> TASK STATEMENT
Retype, exactly as they appear below, the lines between the line holding "Eisen-Stein - Wedding Dress Design - 1" and the line holding "Dragon Ball Super", both ends included.

> SOURCE MATERIAL
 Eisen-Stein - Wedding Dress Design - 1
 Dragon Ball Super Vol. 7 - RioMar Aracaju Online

--

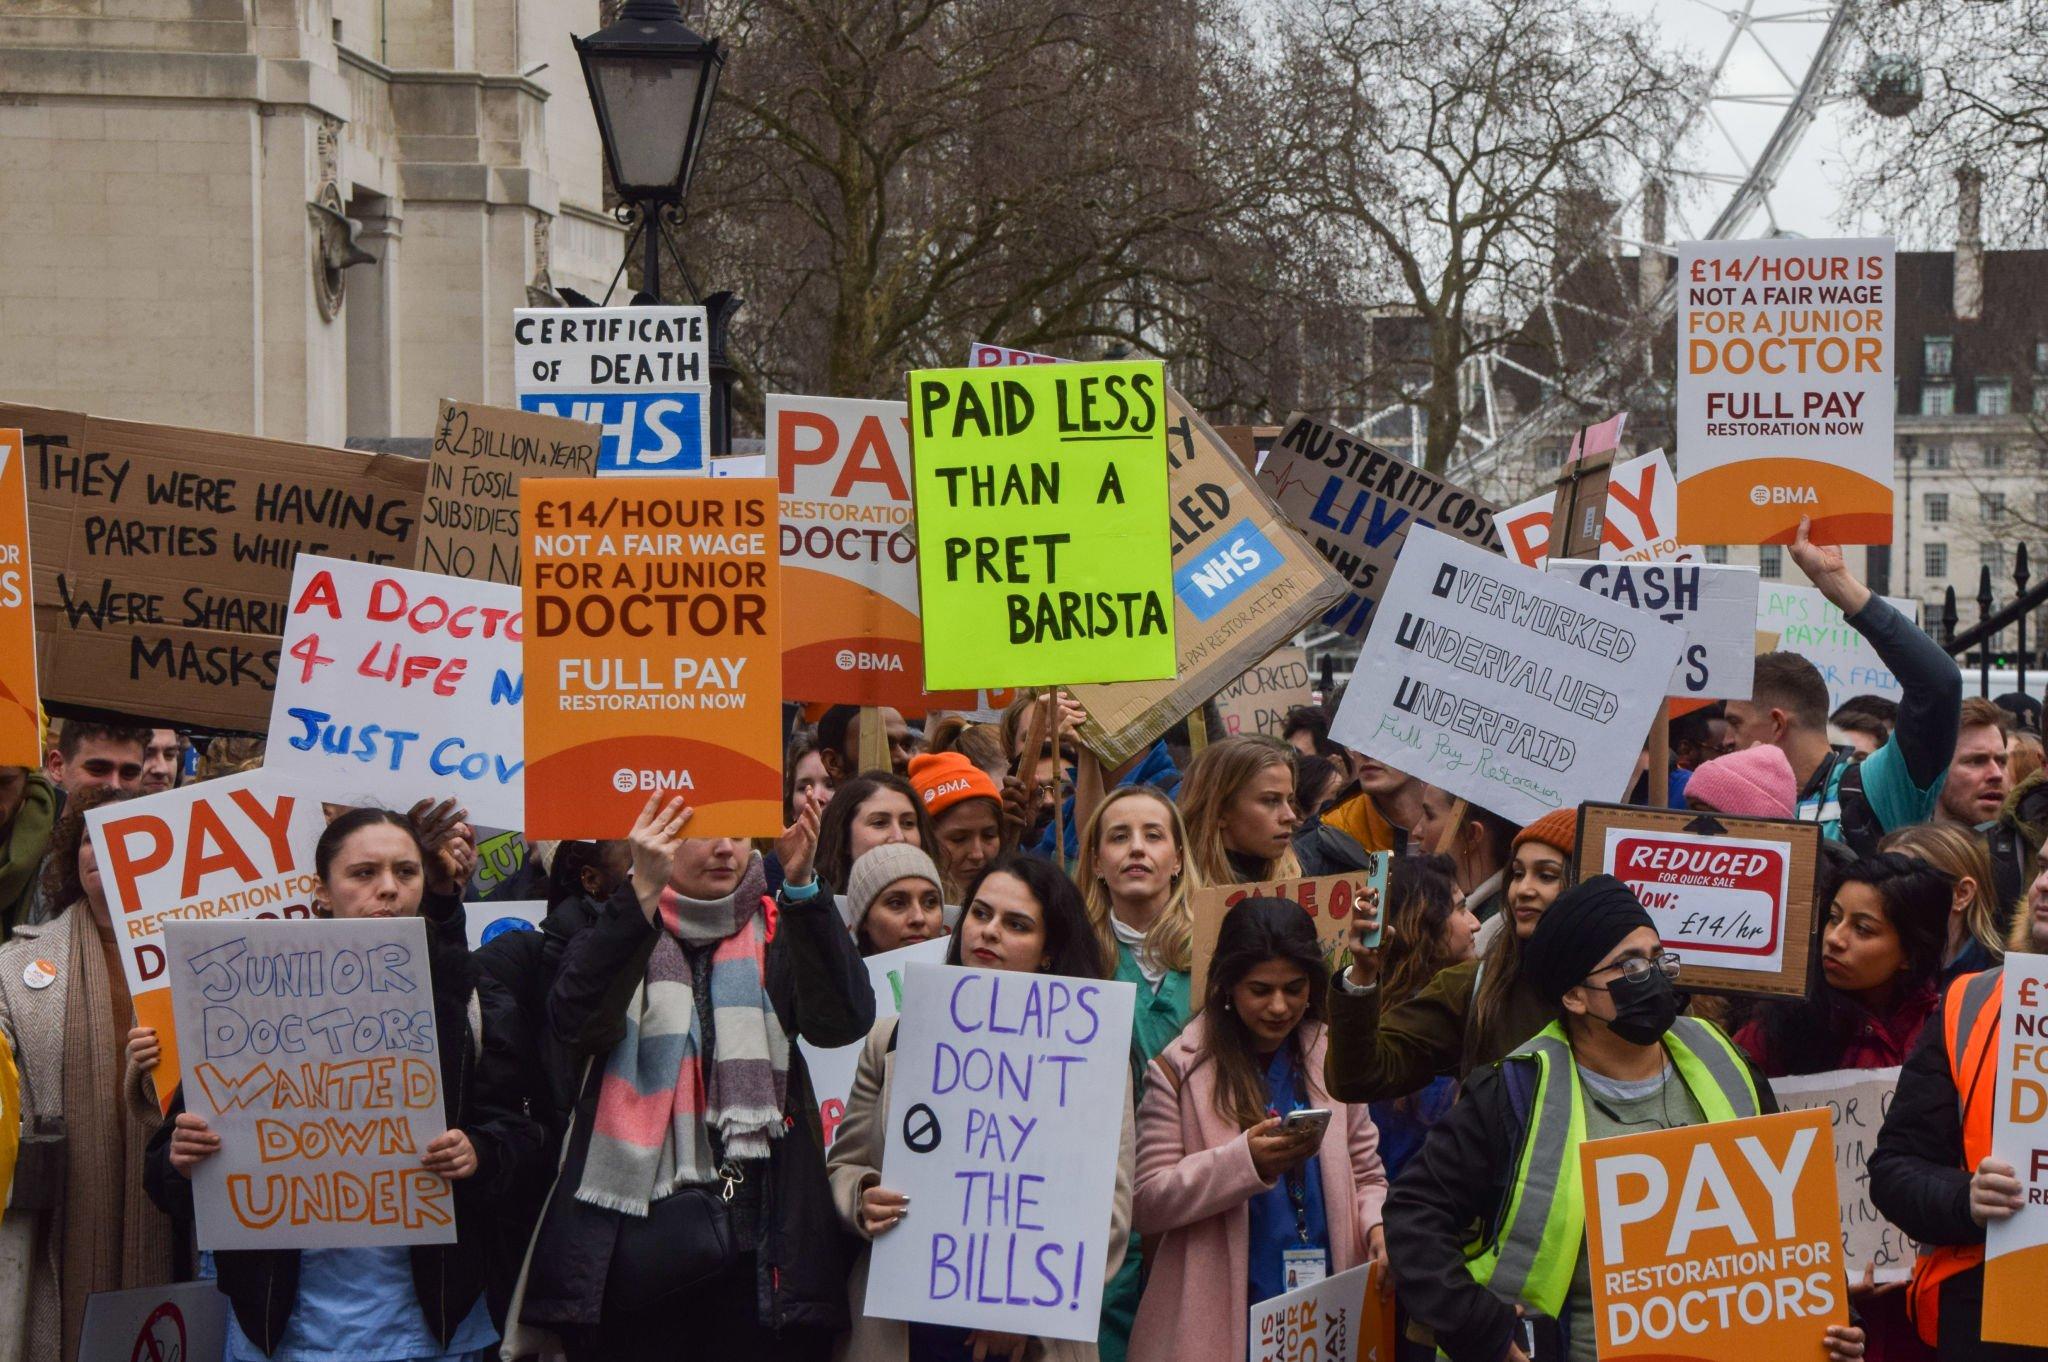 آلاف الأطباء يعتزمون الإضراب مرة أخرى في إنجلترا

> WRITTEN ANSWER
 Eisen-Stein - Wedding Dress Design - 1
 Dragon Ball Super Vol. 7 - RioMar Aracaju Online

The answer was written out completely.